Nojiri revealed on Twitter in the aftermath of his second Super Formula title that there had been talks about him racing in the Macau Grand Prix during his time racing in All-Japan F3 in 2011-13, but these came to naught. And when a chance came up for a Honda junior to race in GP2 in 2014 with ART Grand Prix, Nojiri wasn’t seriously considered for the berth that ultimately went to Takuya Izawa, five years his senior.
Instead, he took over Izawa’s vacated seat at Dandelion Racing to begin a stint in Super Formula that was marked with massive inconsistency and unrealised potential, a situation that only really turned around once he moved to Team Mugen in 2019.
Having become the first back-to-back champion in the series since Tsugio Matsuda in 2007-08, Nojiri’s aim now is to match Satoru Nakajima’s feat of winning three titles in a row from 1984-86. Also on the agenda is surpassing the achievements of Yamamoto, the driver in whose shadow he existed for the first seven years of his Super Formula career.
When somebody does finally manage to dislodge Nojiri from the top of the Super Formula tree, the F1 paddock should sit up and take notice
Yamamoto’s recent struggles with Nakajima Racing have allowed Nojiri to close right in, with the pair now level on poles (13) and just one race win apart (Nojiri has eight to Yamamoto’s nine). The Super GT title is one that has still eluded Nojiri, and winning that in the same year as Super Formula, as Yamamoto did in 2018 and 2020, is something he’s aiming for.
In an interview with Autosport earlier this year, he joked: “I want to do it three times in a row!” before adding: “Yamamoto is a great rival, but I’m still losing to him in terms of career results, so in the next two or three years I want to make sure I surpass him.”
After going through a mini-boom with the likes of Stoffel Vandoorne (2016), Pierre Gasly (2017) and Alex Palou (2019), the Super Formula grid hasn’t really featured any serious F1 aspirants for a couple of seasons now, with matters not helped by the COVID-19 pandemic that all but prevented non-Japanese drivers from racing in the series for a time.
And while names such as Theo Pourchaire and Liam Lawson have been linked to moves to Japan for 2023, the practicalities of combining F1 reserve driver duties and sim work with more than half-a-dozen cross-continental trips makes the championship something of a tough sell for anyone who is already closely associated with a grand prix team.

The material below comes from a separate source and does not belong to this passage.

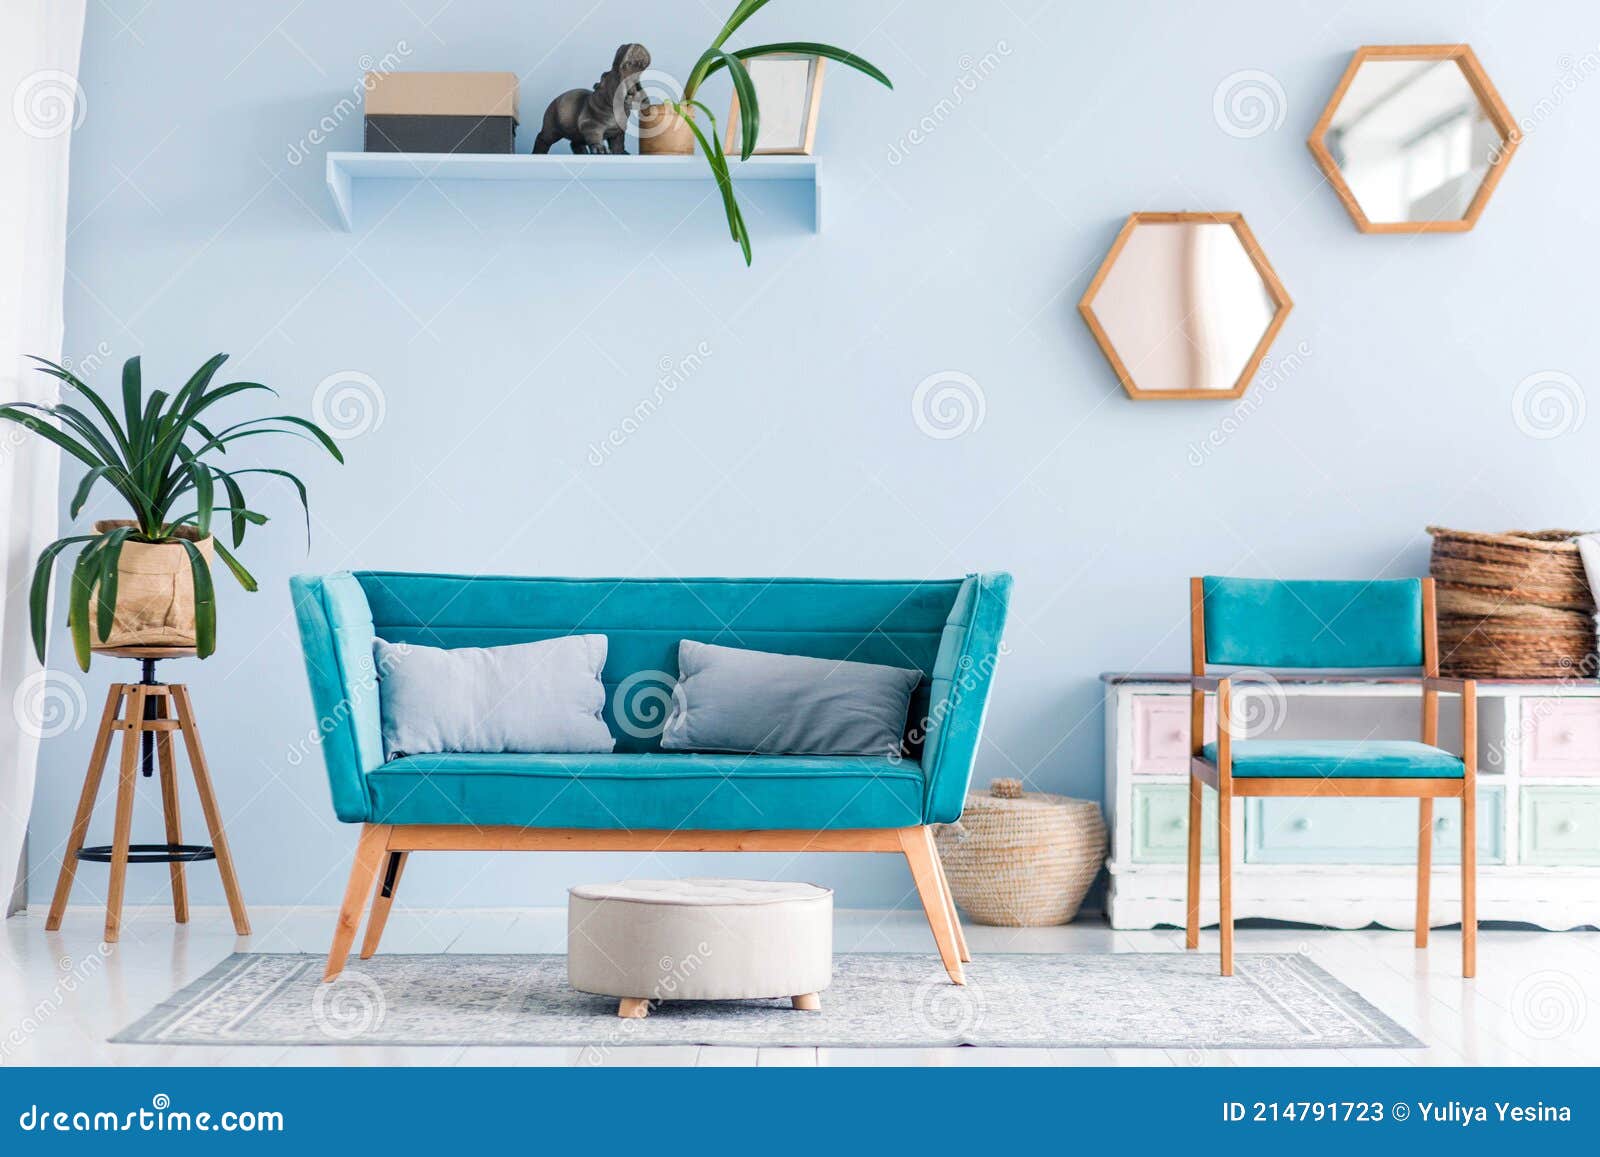 Sala De Estar Con Plantas Muebles De Azul Moderno Y Decoración de archivo - Imagen de hotel, brillante: 214791723

That said, as long as Super Formula continues to boast the fastest car outside of F1 with budget requirements far below that of F2 to boot, it will continue to hold a certain allure for international drivers disillusioned with life in the F1 support paddock. And if a major up-and-coming star does happen to roll the dice on embarking on a Vandoorne/Gasly-style adventure and performs well, it will only encourage others to give it a go themselves.
The only trouble is now, for Super Formula, Nojiri’s dominance might make it harder for a youngster hoping to use the series as a springboard to greater things to get noticed. On the flipside, there’s no doubt that when somebody does finally manage to dislodge Nojiri from the top of the Super Formula tree, the F1 paddock should sit up and take notice.